Dr. Fisher talks of how he is moving to make a commitment over the next 10 years to enter the political sphere and politics. He shares his experience professionally as a teacher and differentiates that from being an educator (especially, adult educator). He questions and critiques politics and political figures but also supports their differing pieces of the puzzle toward the making of a great citizen, great society, etc. What makes a process philosophy, thinking, person is explored, and he shows his intention to study the history of transformation in the last 100 years especially and how it is essential to understand what is transformation and its role in the political sphere and politics of which he mentions Marianne Williamson as an exemplar for a holistic-integral approach as she is currently running for President of the USA in 2020. Always asking: "What are we learning?" is key to his educational philosophy and thus "learning to learn" is both a meta-cognitive skill but also the basis for a great learner/citizen and it is essential to analyzing the problems and crises we face individually and collectively.

(action still from my video)... 

 

End Note

1. The first book and stream of intellectual thought on the telling of 'Big Story' narratives per se came from my encounter in the late 70s-early 80s sometime, and reading the little booklet I ordered from the US by eminent Thomas Berry, the self-identified geologian (cultural historian) at the time, entitled "The New Story" (also a recent video has been put together on this work http://thomasberry.org/publications-and-media/the-new-story-1)--and, much later Berry wrote a critically important work to many in the holistic movement called "The Great Work: Our Way Into the Future" (2000) [2]; but the more substantive perennial philosophy work I read sometime in the early 80s was one that was promoted as foundational in the transpersonal philosophy of Ken Wilber at that time, and it is the classic (1936) book "The Great Chain of Being: A study of the History of an Idea" by Authur O. Lovejoy. There was that sense of "The Great" something, historically, evolutionarily and beautifully articulated, as what Wilber later called the "spirit in evolution" basically. And that's all resonant with my own soul and sensing that there is some 'big picture' (a fav. term of Wilber's) going on that I or anyone could learn about and feel there is an alternative view of history (and the future) than what the straight-up historians (and evolutionists in biology) have been and still were (and still are) painting about the nature and destiny of humans, Homo sapiens, and humanity and human nature, etc. The next in the trilogy on "The Great" works that came to me is David C. Korten's (2005), "The Great Turning: From Empire to Earth Community"--again, much could be said on how important this book and teaching is, and to say the least Korten has attracted a huge following across a lot of different areas, but yes, still within the alternatives movements.
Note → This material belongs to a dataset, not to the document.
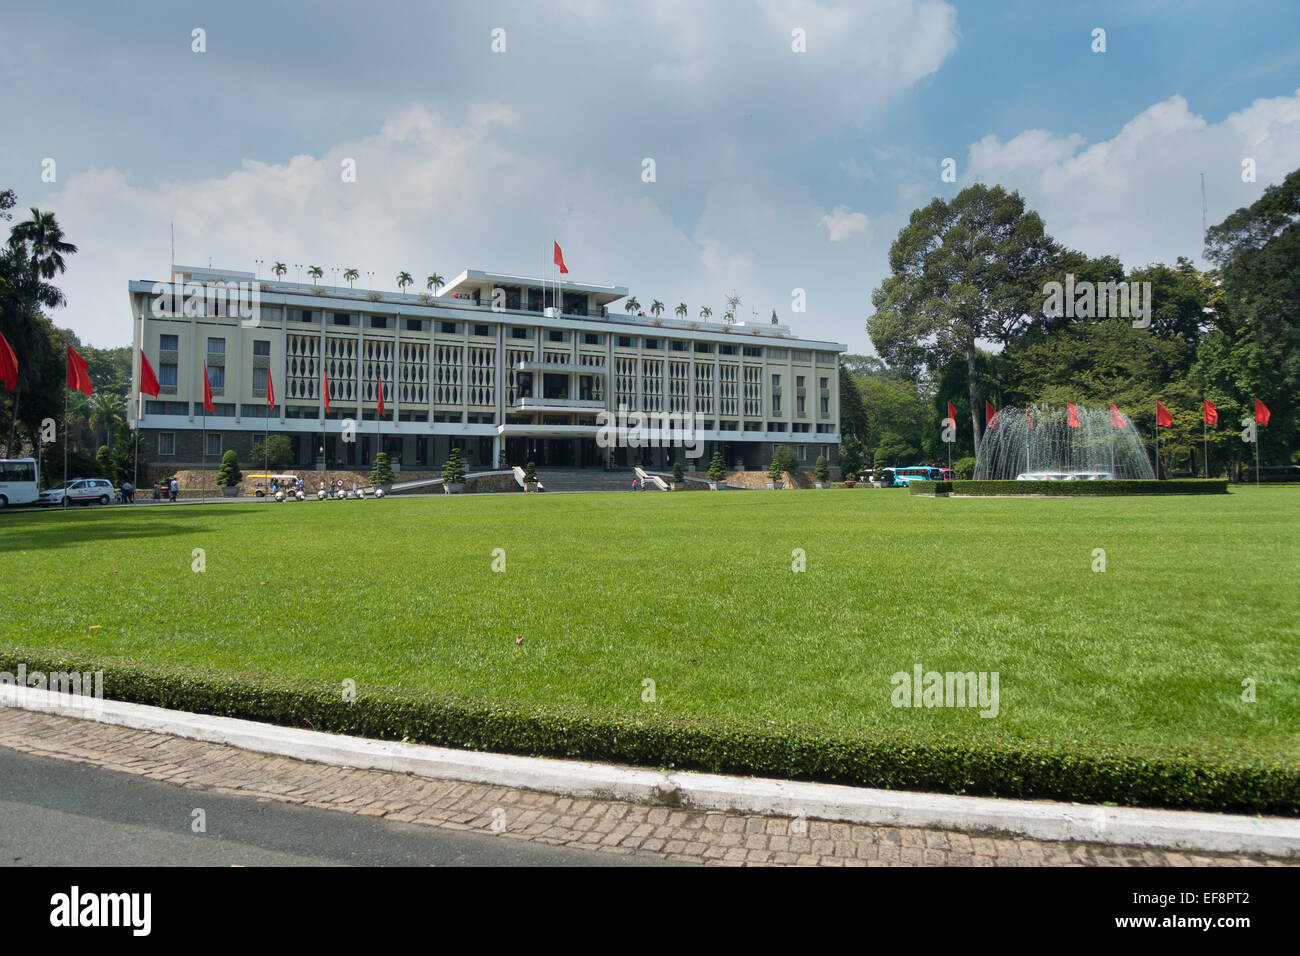 Palacio de la reunificación, de 1955 a 1975 Palacio de la independencia, el famoso monumento, Ho Chi Minh, Vietnam Foto de stock
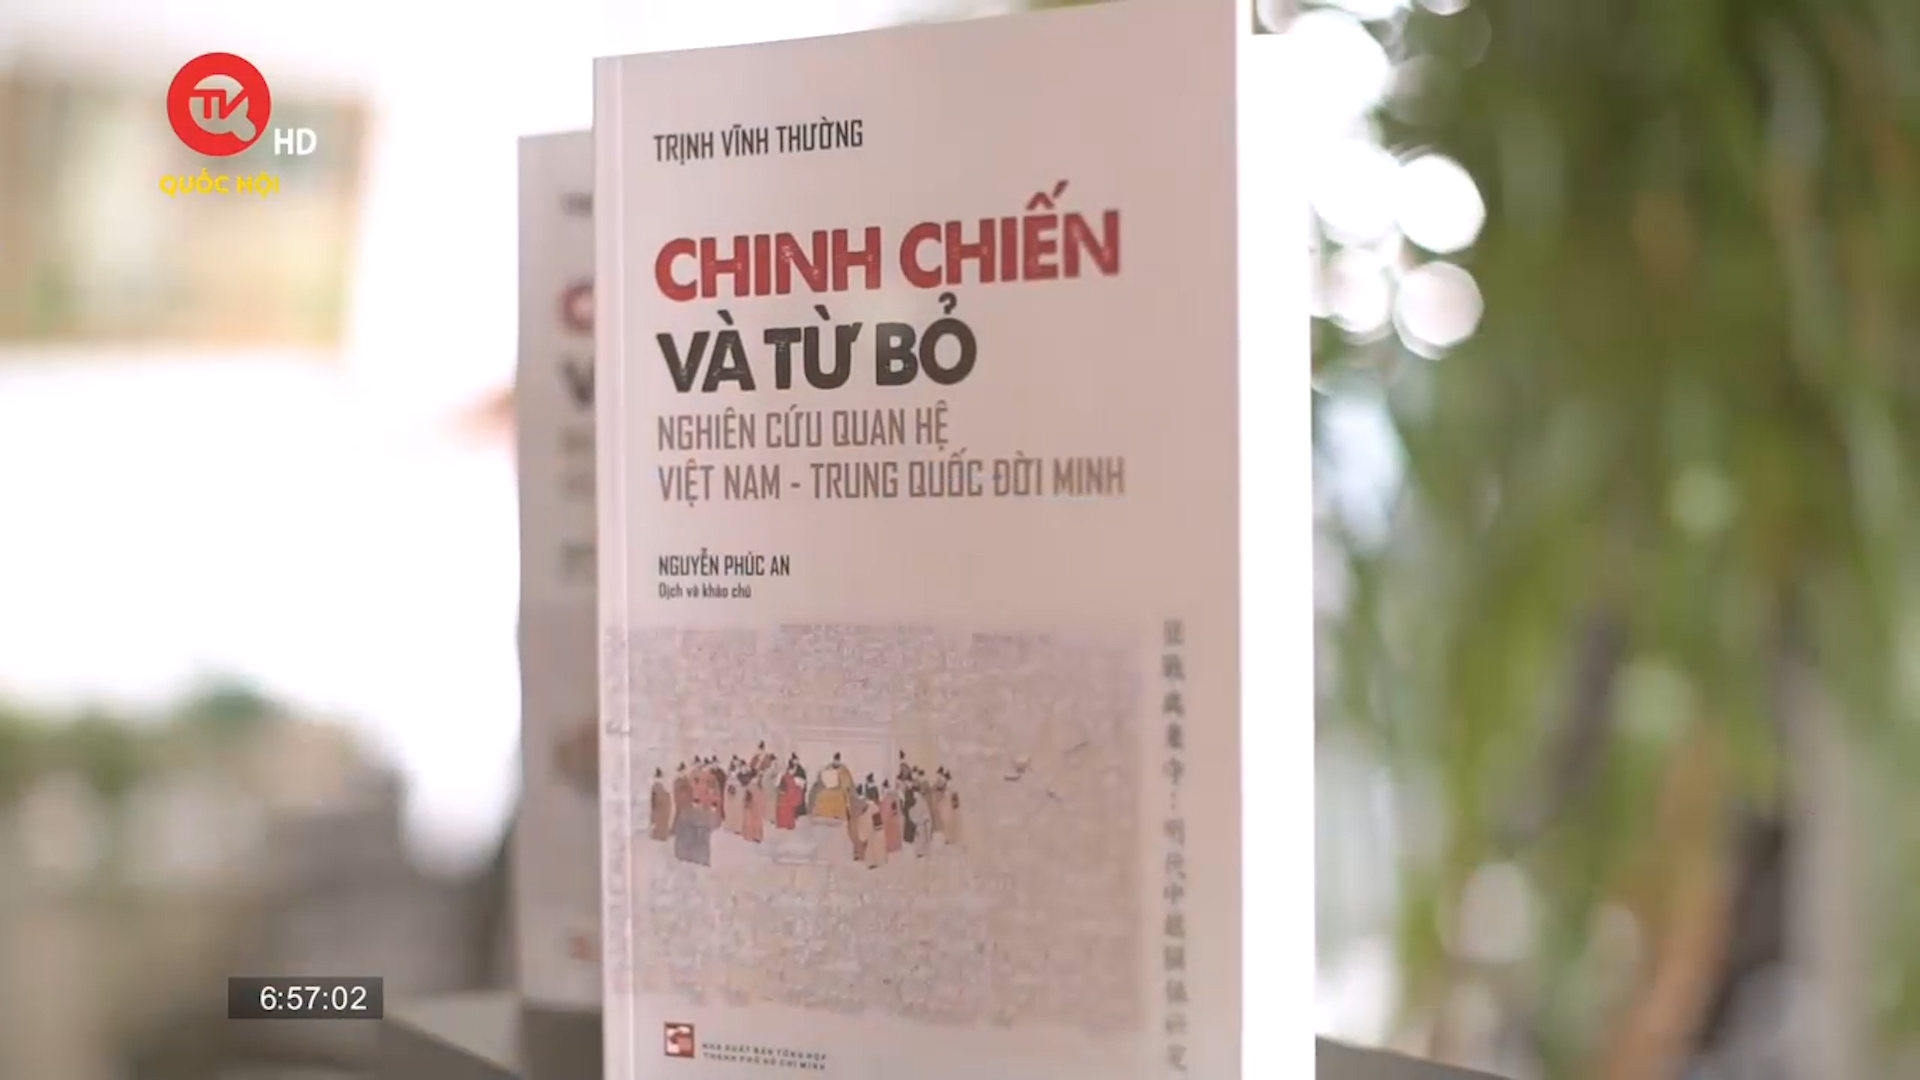 Cuốn sách tôi chọn: “Chinh chiến và từ bỏ: Nghiên cứu quan hệ Việt Nam - Trung Quốc đời Minh”

To be interested in "transformation" at the core of my process philosophy, politics and education, one has to link these triad or quadrad of influences to my work to make sense of what "transformation" means to me. And with a little research there are others who have their own versions of The Great Turning, e.g., a very important leader, and Buddhist eco-activist, Joanna Macy, https://vimeo.com/191169785 ;

2. "Great Work" (i.e., magnum opus) is a term with spiritual-philosophical rooting that apparently goes back to ancient Hermetic (esoteric) philosophy, at least, as a legacy and tradition of thinking about the reality and future reality that the human and consciousness is participating in, and can shape and can be shaped by.